And she insists that from January 23, when Guaidó assumed the presidency, the capital invested in Venezuela runs the risk of being expropriated, as happened in Cuba.

This opinion is shared by finance expert, Boris Ackerman, who notes that Spain is the main foreign investor in Venezuela.

What is erroneously referred to as a “blockade” in Cuba, is no more than the embargo exercised by the United States as a result of the expropriation of more than 300 American-owned companies by the Cuban Communist Party, which has been in power since 1959.

Not only large companies that have branches in South America will suffer great consequences by not recognizing Guaido, but also the first and second generation Spaniards who live in Venezuela. During Maduro’s presidency their asset losses have already been greater than those of the corporations, given the continuous devaluation of the Venezuelan currency, the bolivar.

Taking into account that there are currently more than 415,000 Spaniards in Venezuela, whose average net worth is 50,000 euros, including commercial and residential real estate, Sosa projects that “the loss would be a figure higher than the 20 billion euros which multinational corporations have lost in Venezuela.

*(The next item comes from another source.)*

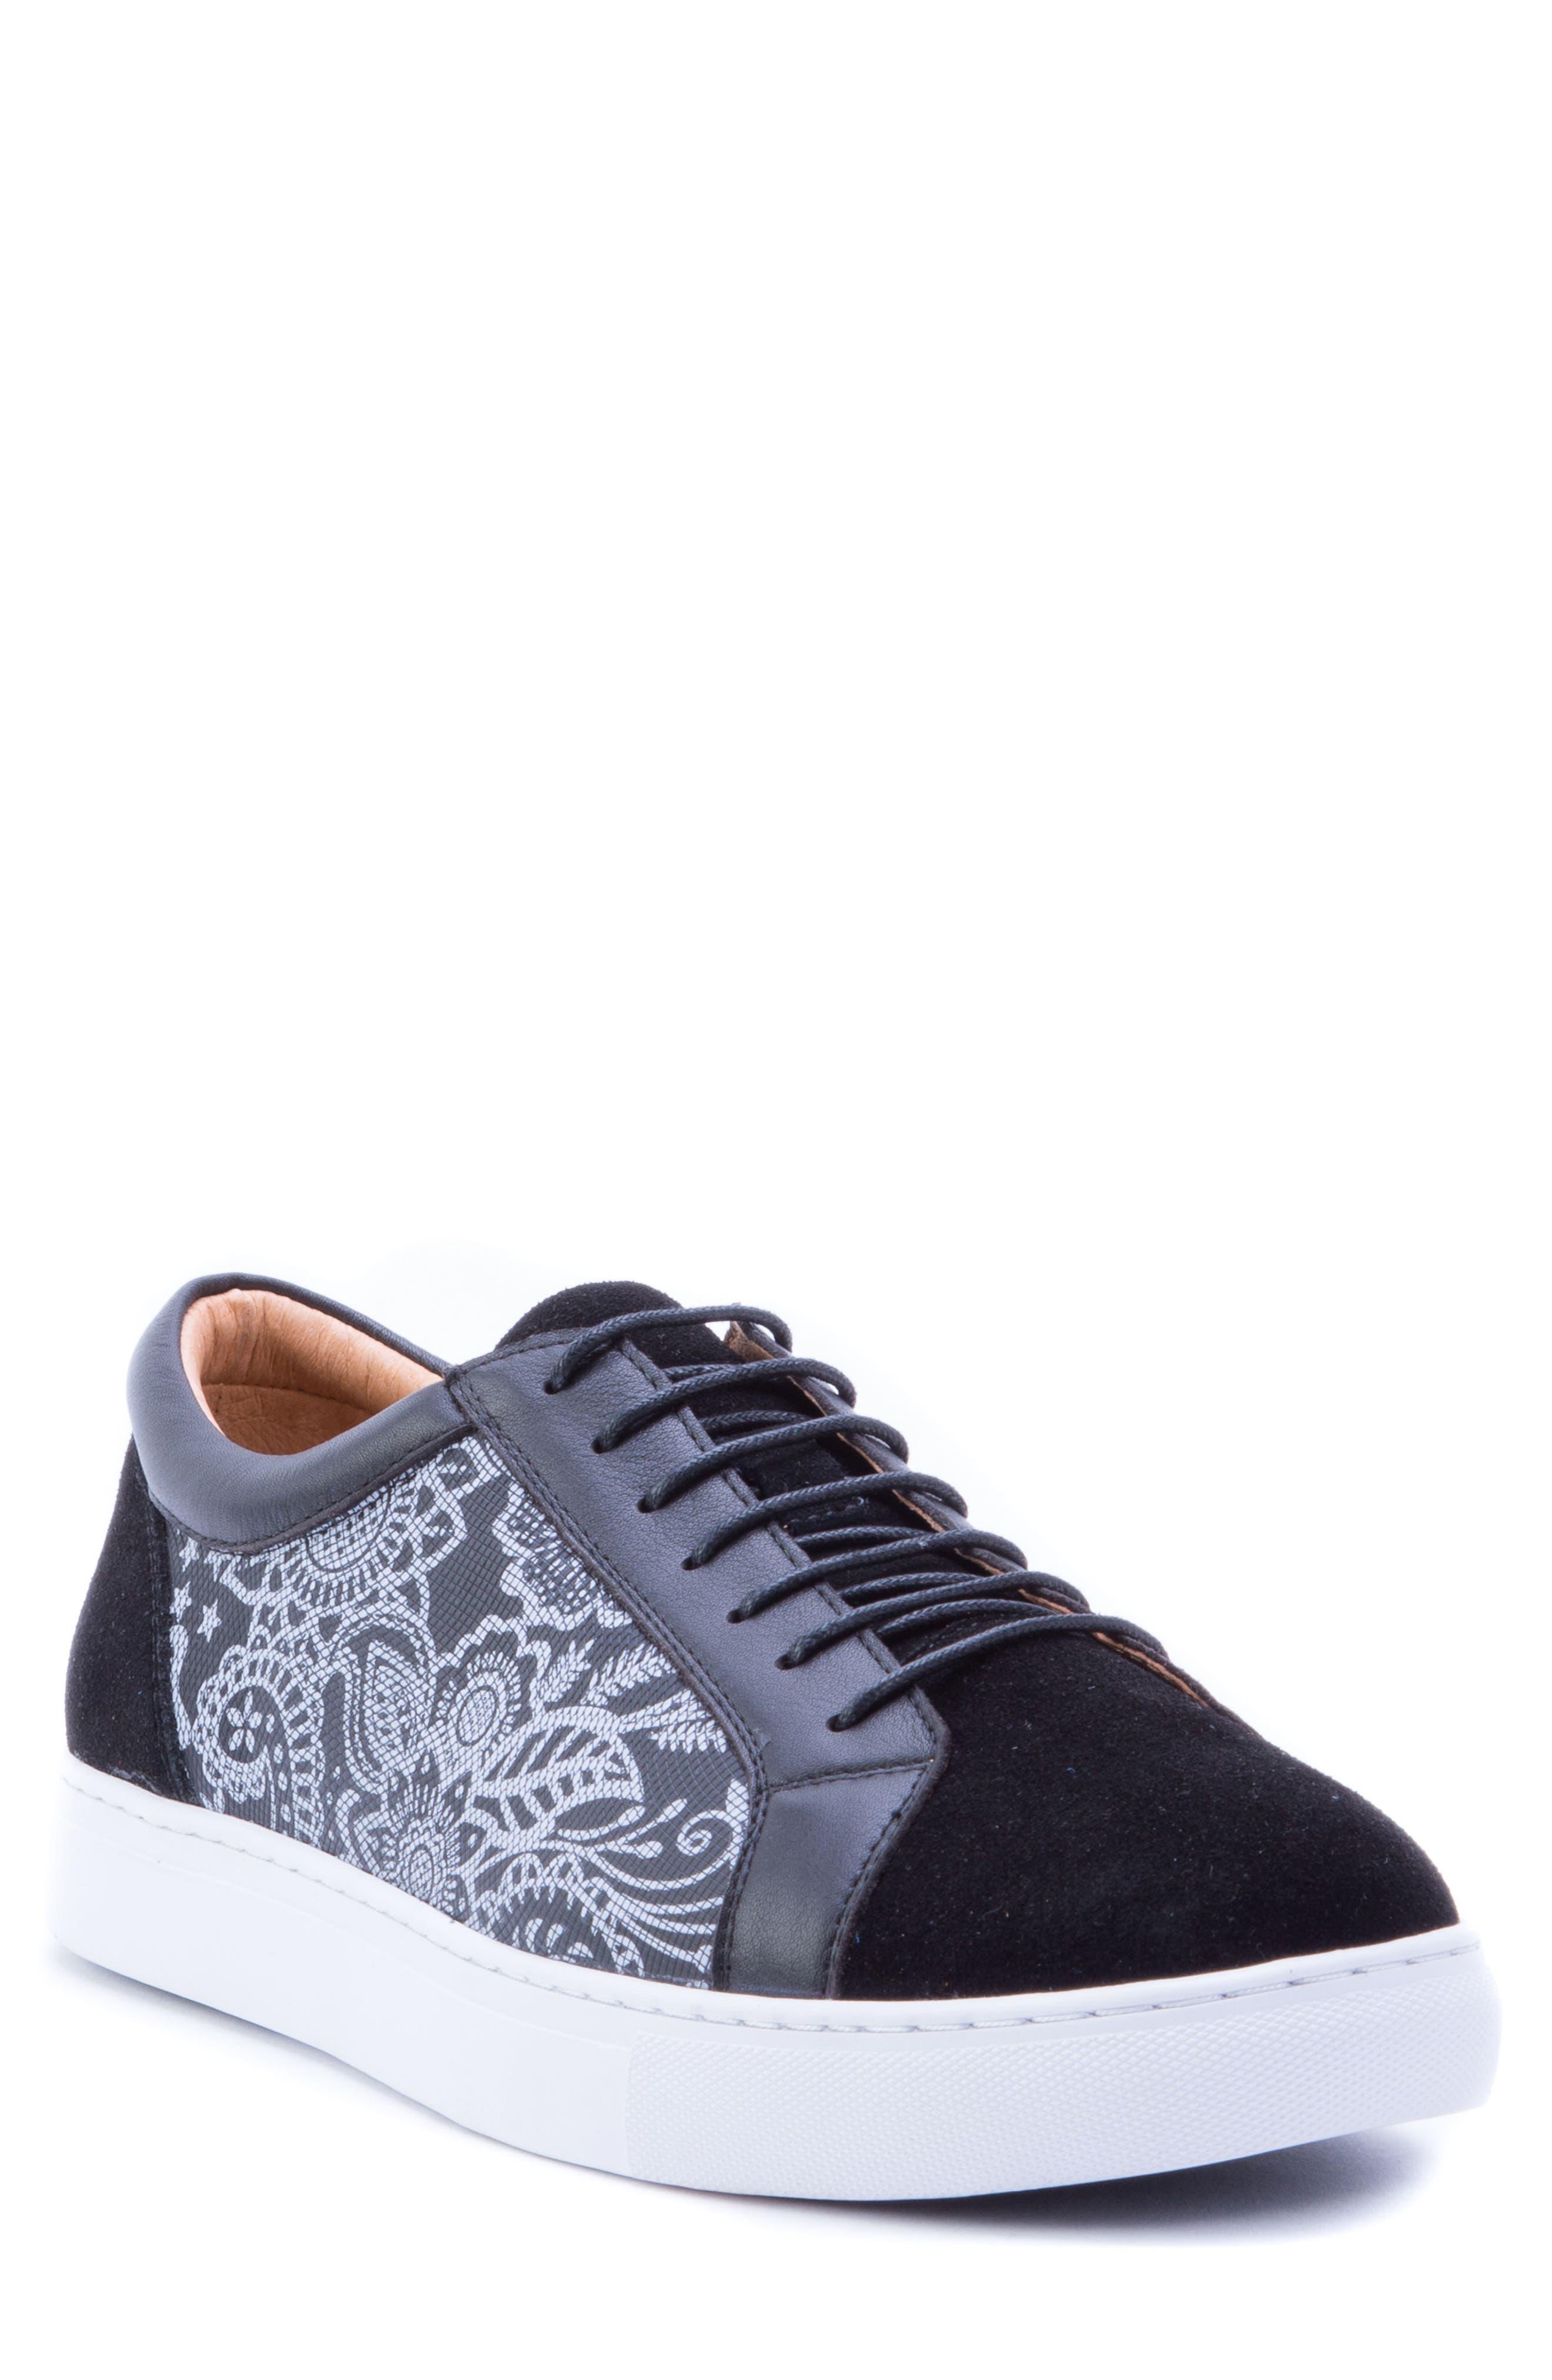 Robert Graham Rubio Floral Sneaker- Black
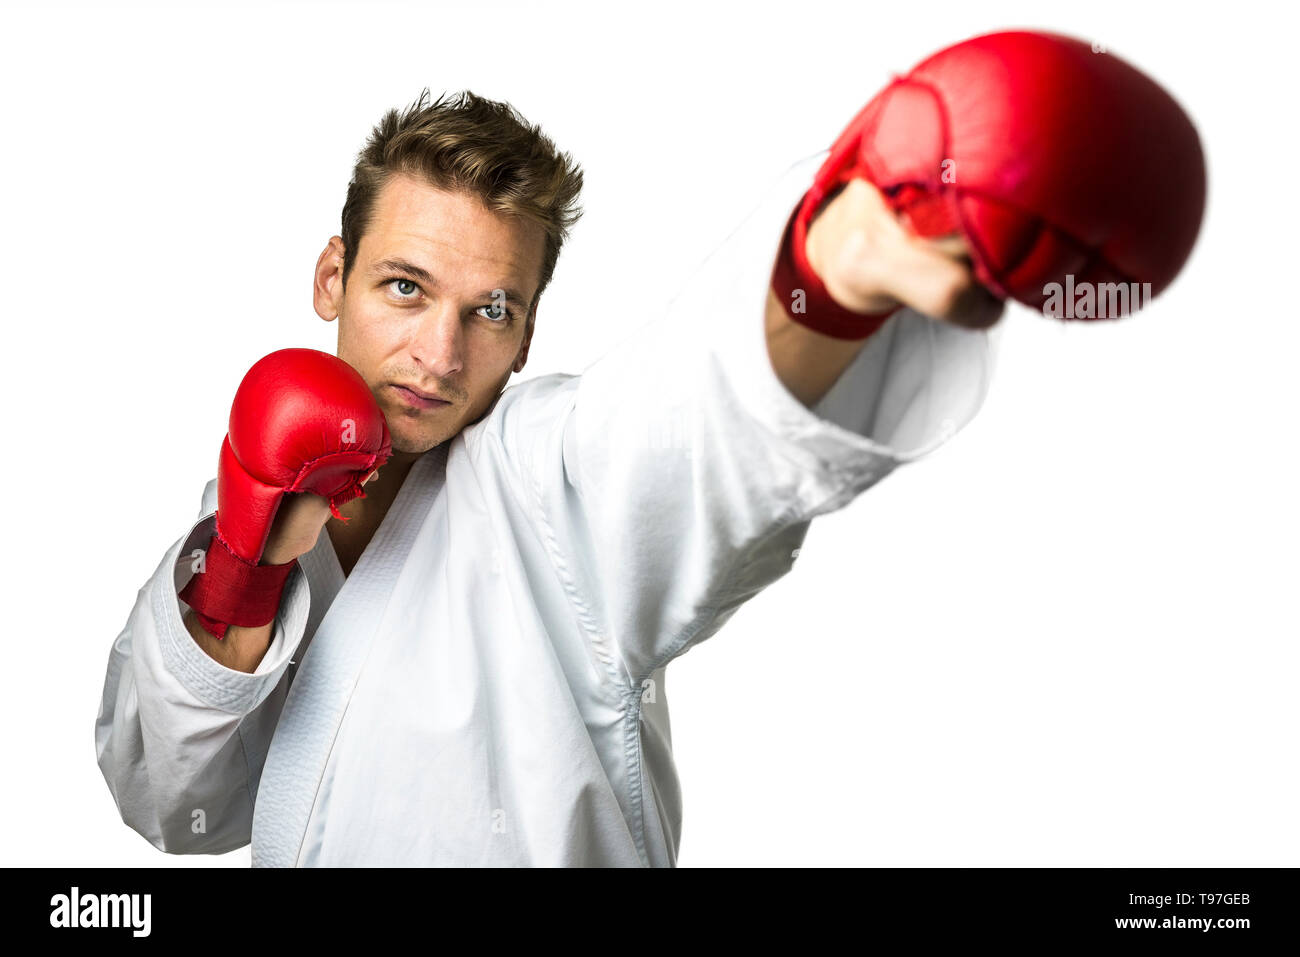 Professional kickboxer isolated over white background. - Stock Image

Sosa adds that Venezuela represents “an absolutely impoverished population living in very poor conditions, without medicine, without food, and perhaps with the worst public services in the Western world. The Spaniards who reside or own properties in Venezuela, are not exempt from that situation, indeed, they are from the populations most affected by the crisis.”

Therefore, she urges Spain to adopt the same position as that of England: the Bank of England’s stance recently prevented Maduro from withdrawing USD $1.2 billion dollars in gold from the reserves deposited there, equivalent to one sixth of the USD $8 billion in assets of the Central Bank of Venezuela.

Spain, by not taking a stand, runs the risk that the property belonging to Spanish citizens will be expropriated to compensate Maduro and his allies’ inability to acquire liquidity.

Although most countries have turned their backs on Maduro and ratified their support for Guaidó as legitimate president, in accordance with the Venezuelan constitution, there are still countries that have not declared their position. Among them is the one which has the greatest investment in Venezuela: Spain.

Sosa states that by not recognizing Guaidó as President, there will be a legal vacuum with regard to the assets of Spaniards in Venezuela. The position of Spain contrasts with the actions taken by the United States, whereby the Federal Reserve announced that the only individual authorized to carry out transactions in representation of the Venezuelan government at the state level is Guaidó. Maduro, being constitutionally illegitimate, does not have the power or the recognition to manage state resources.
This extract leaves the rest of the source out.